Protestants in Mozambique are part of a variety of denominations. Since the Portuguese colonial period in Mozambique, the Catholic Church has been the main Christian group in the country, followed by various Protestant mission churches and African Independent Churches (AICs). The results of the last census show that Catholicism is no longer the most important religion in the southern provinces of Maputo, Gaza and Inhambane. Zion believers, belonging to the largest AICs, constitute the majority of the population, exceeding the Catholics. Looking at the whole of Mozambique, Zionism is the third religion, representing 16 per cent of the total population, only surpassed by Catholicism (28%) and Islam (18%).
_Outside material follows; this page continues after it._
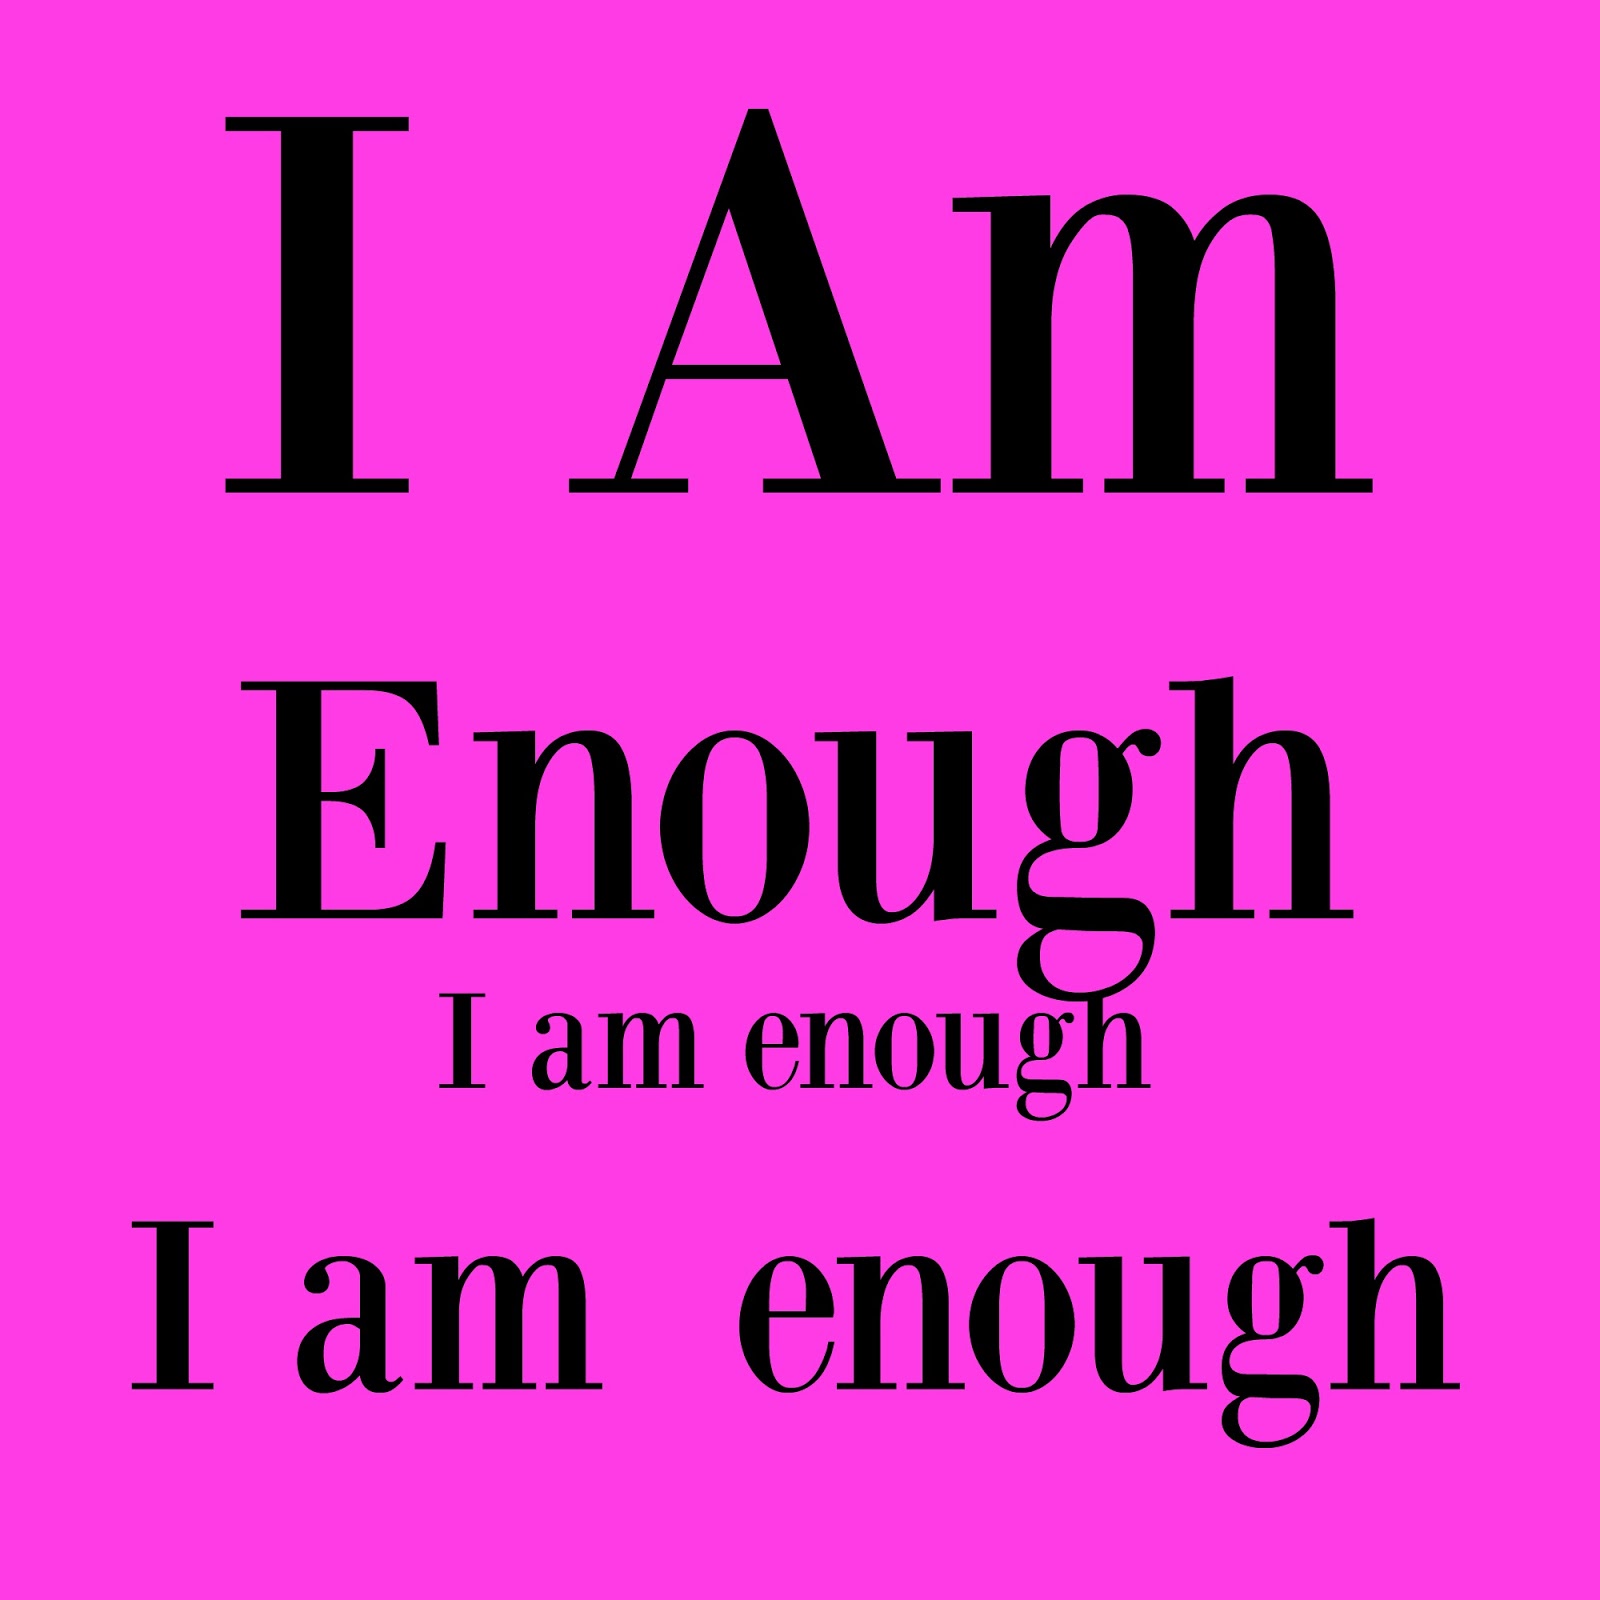 I am enough. I am enough Affirmations. L am enough

For the first time, Evangelicals and Pentecostals were counted together as one separate category in the 2007 Census, representing 11 per cent of the total population and thus are the fourth religious group in the country.

Among the main protestant churches in Mozambique are Igreja União Baptista de Moçambique, the Labourers Chapel Mozambique, the Assembleias de Deus, the Seventh-day Adventist Church, the Anglican Diocese of Lemombo, Anglican Diocese of Niassa, the Igreja do Evangelho Completo de Deus, the Igreja Metodista Unida, the Igreja Presbiteriana de Moçambique, the Igrejas de Cristo and the Assembleias Evangélicas de Deus Pentecostais. There is a small Lutheran church, the Evangelical Lutheran Church in Mozambique.